Question

The position, velocity, and acceleration of a particle executing simple harmonic motion are found to have magnitudes of $4 \, \text{m}$, $2 \, \text{ms}^{-1}$, and $16 \, \text{ms}^{-2}$ at a certain instant. The amplitude of the motion is $\sqrt{x} \, \text{m}$ where $x$ is ______.

Answer 1

Correct Answer: 17

The problem is solved by analyzing the simple harmonic motion (SHM) of a particle, given its position, velocity, and acceleration magnitudes. The general equations for SHM are:

Position: \( x(t) = A \cos(\omega t + \phi) \)

Velocity: \( v(t) = -A\omega \sin(\omega t + \phi) \)

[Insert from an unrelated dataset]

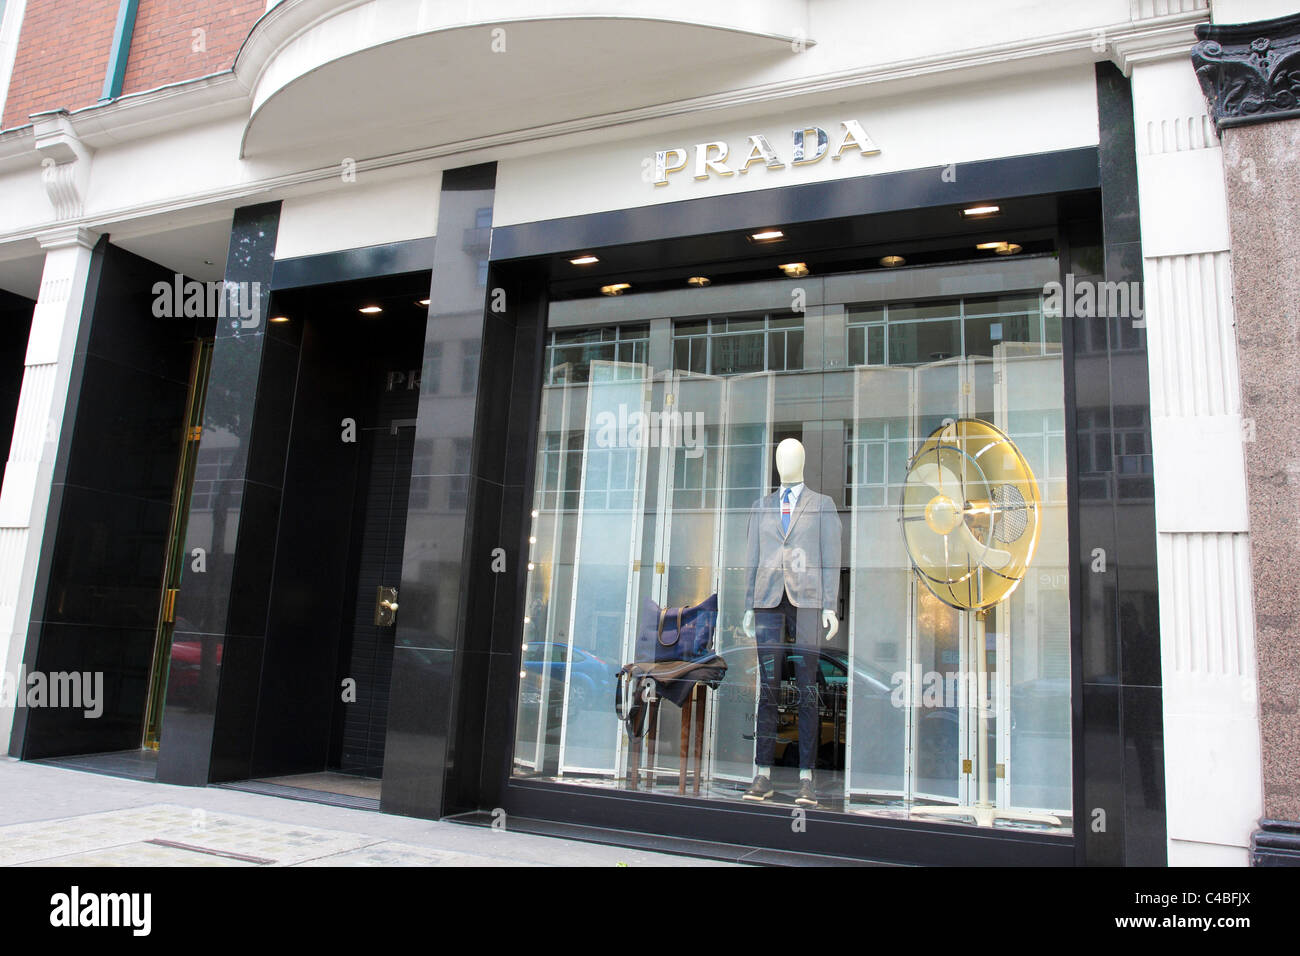 Prada high fashion outlet in Sloane Street, London Stock Photo - Alamy
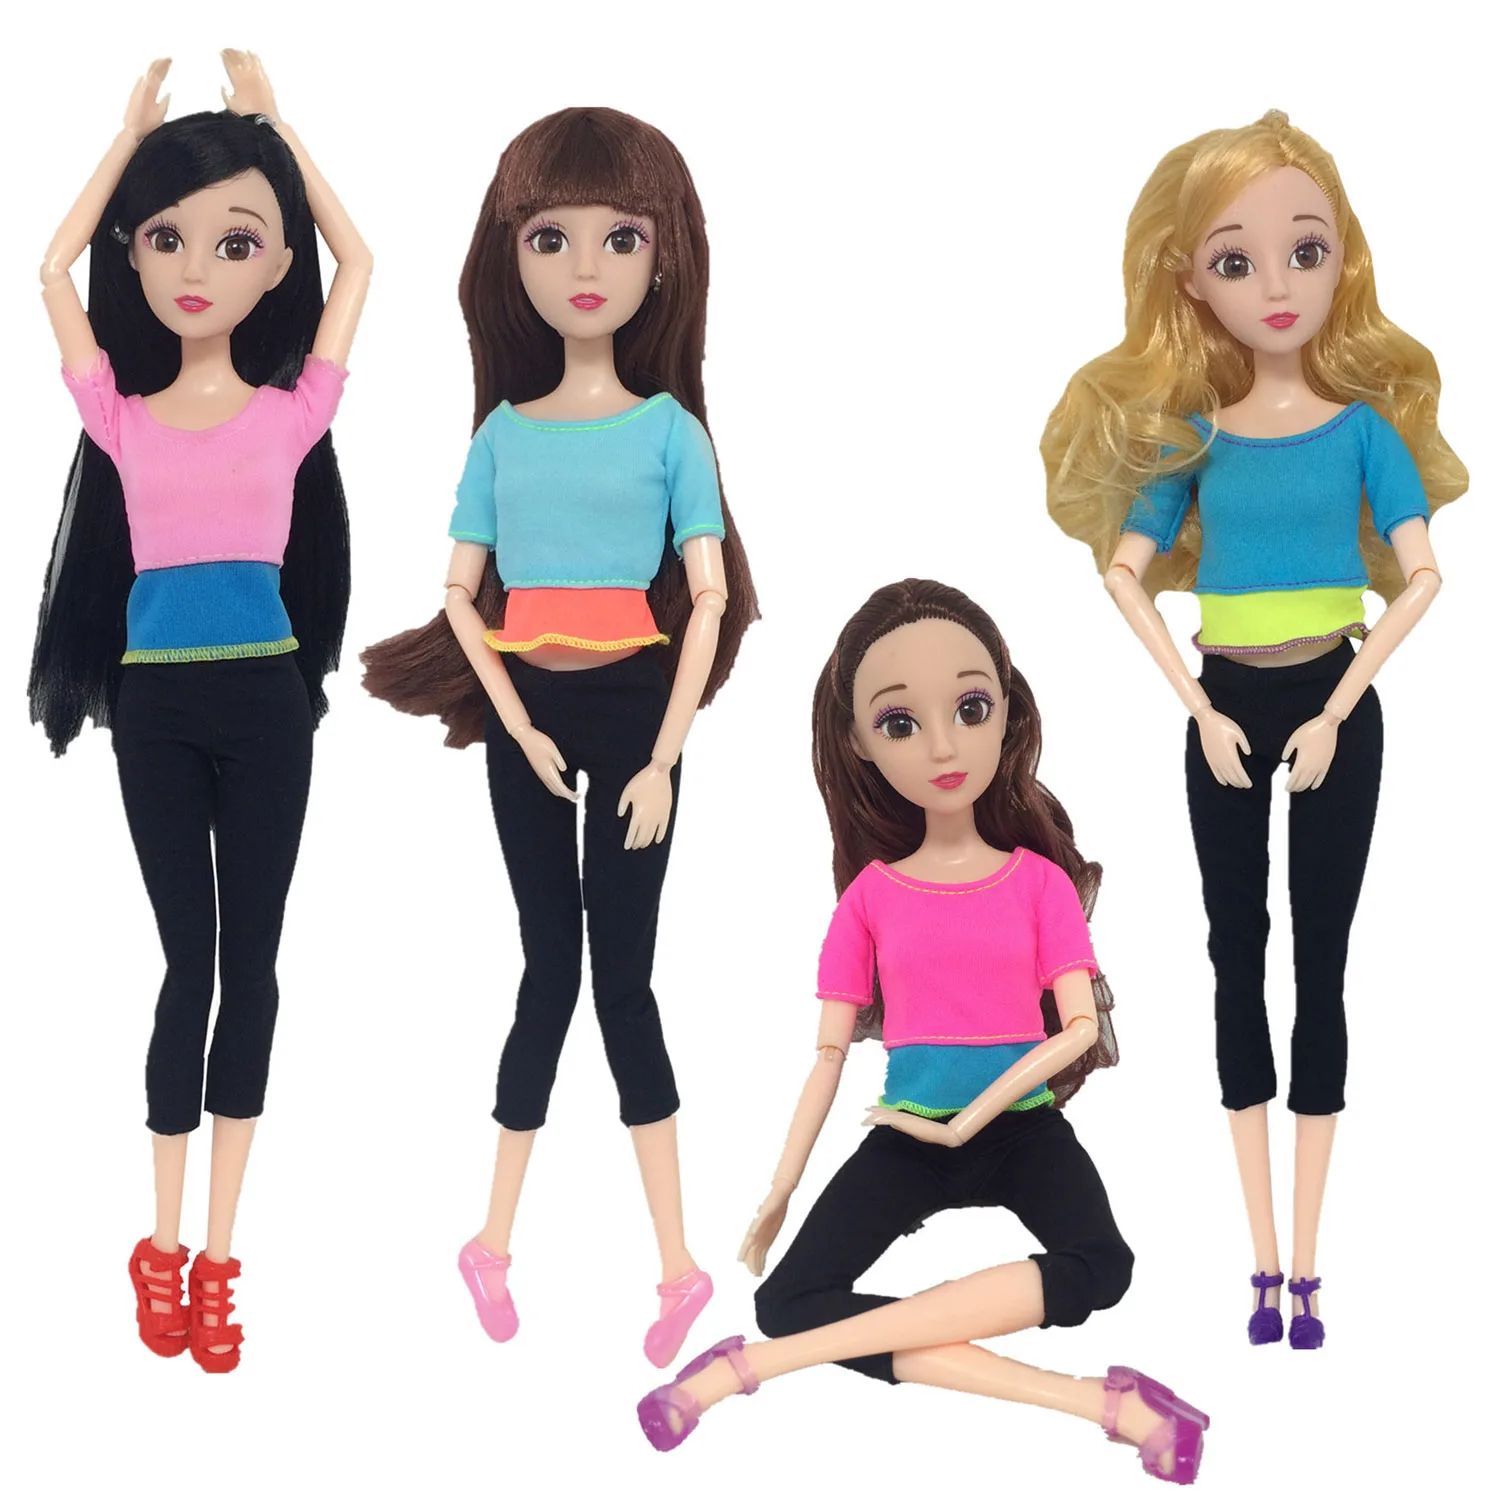 Besegad 3 комплекта мода мини-куколка Йога Жилет Брюки Топы Брюки Костюмы футболка брюки спортивная одежда аксессуары для Барби игрушка

Acceleration: \( a(t) = -A\omega^2 \cos(\omega t + \phi) \)

Where \( A \) represents the amplitude, \( \omega \) is the angular frequency, and \( \phi \) denotes the phase angle.
The given values are:

Position \( x = 4 \, \text{m} \)

Velocity \( v = 2 \, \text{ms}^{-1} \)

Acceleration \( a = 16 \, \text{ms}^{-2} \)

From the relationship \( a = -A\omega^2 \cos(\omega t + \phi) = -\omega^2 x \), we derive:

\[ 16 = \omega^2 \times 4 \] Solving for \( \omega^2 \): \[ \omega^2 = \frac{16}{4} = 4 \Rightarrow \omega = 2 \] Substituting this into the velocity equation \( v = -A\omega \sin(\omega t + \phi) \): \[ 2 = -A \cdot 2 \cdot \sin(\omega t + \phi) \Rightarrow \sin(\omega t + \phi) = -\frac{1}{2} \] The amplitude squared, \( A^2 \), is determined using the SHM identity:

\[ A^2 = x^2 + \left(\frac{v^2}{\omega^2}\right) \] Substituting the known values:

 

\[ A^2 = 4^2 + \left(\frac{2^2}{4}\right) = 16 + 1 = 17 \] Consequently, the amplitude squared is \( A^2 = 17 \). The amplitude is therefore \( A = \sqrt{17} \, \text{m} \).